EXERCISE AIM =>
Find the line with "Sunglass-Hut-Email" in the entries below, then reproduce it and every line after it down to and including the line with "Phantom 54mm Aviator", exactly.

::: RECORDS FOR THIS EXERCISE :::

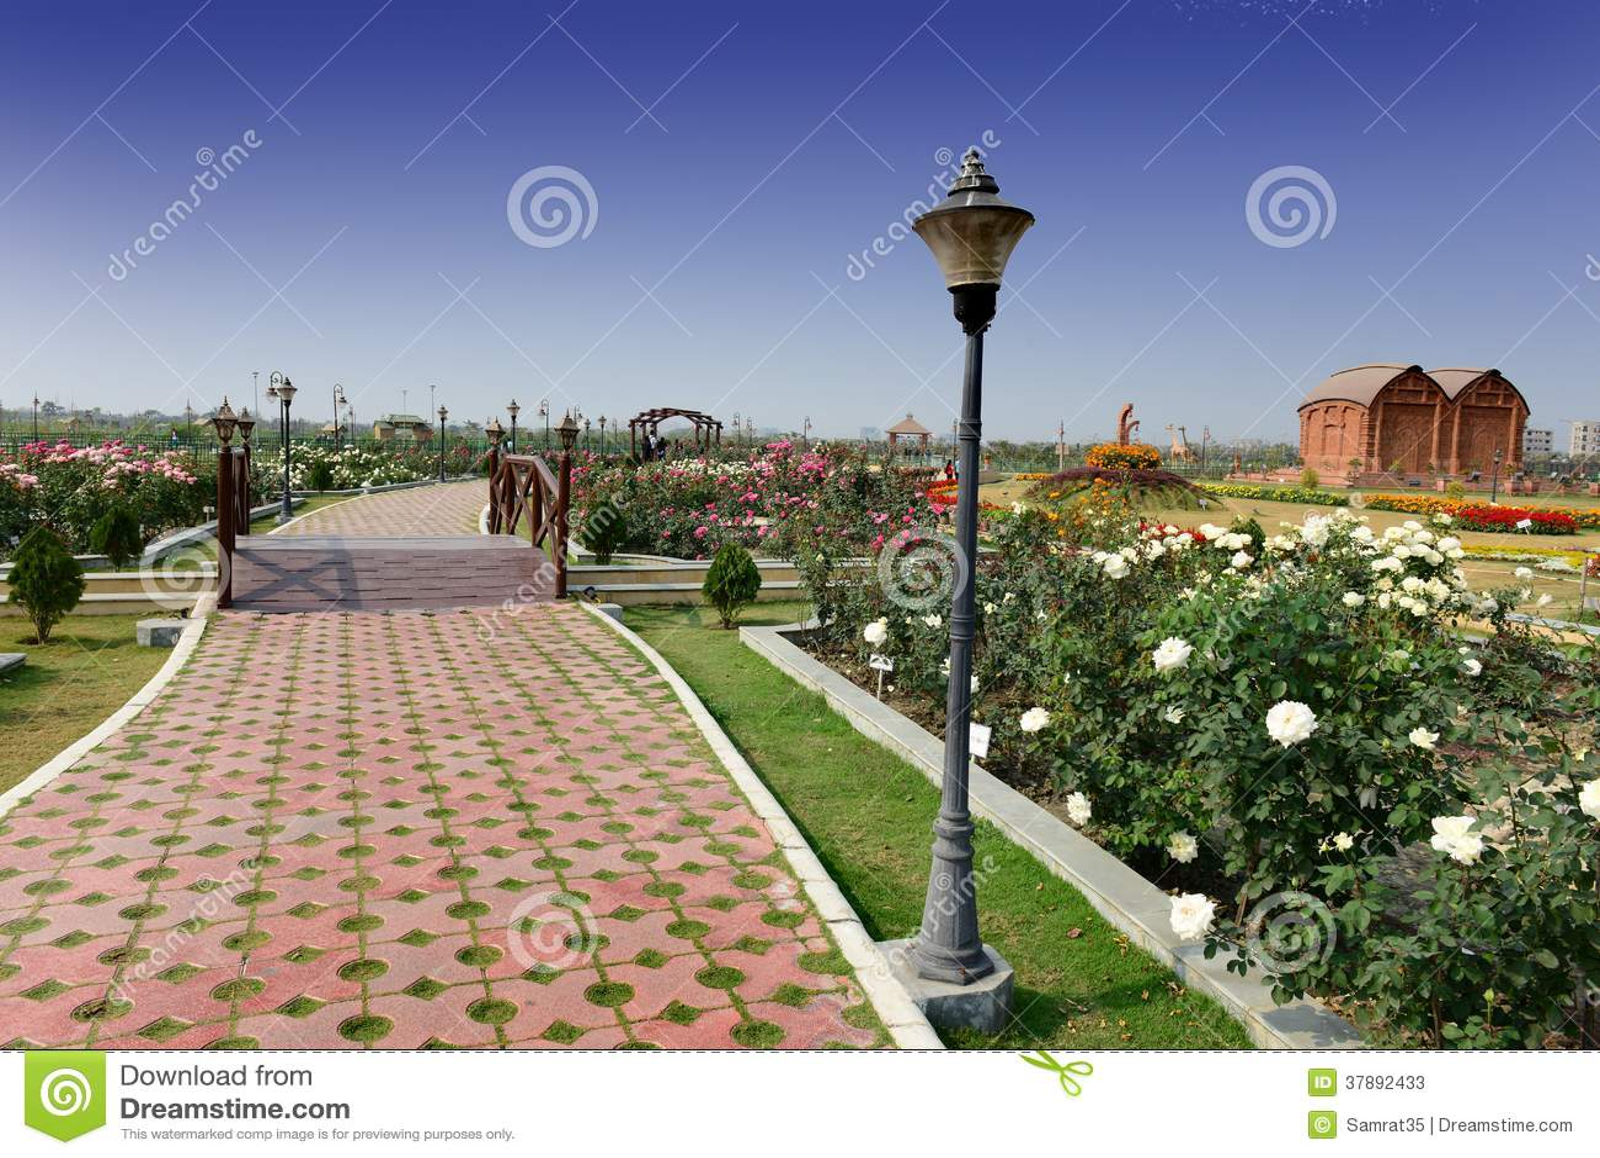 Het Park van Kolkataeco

:::
::: RECORDS FOR THIS EXERCISE :::

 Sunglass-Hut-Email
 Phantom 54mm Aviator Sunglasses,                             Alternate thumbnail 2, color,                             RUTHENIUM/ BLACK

:::

YOUR RESPONSE =>
 Sunglass-Hut-Email
 Phantom 54mm Aviator Sunglasses,                             Alternate thumbnail 2, color,                             RUTHENIUM/ BLACK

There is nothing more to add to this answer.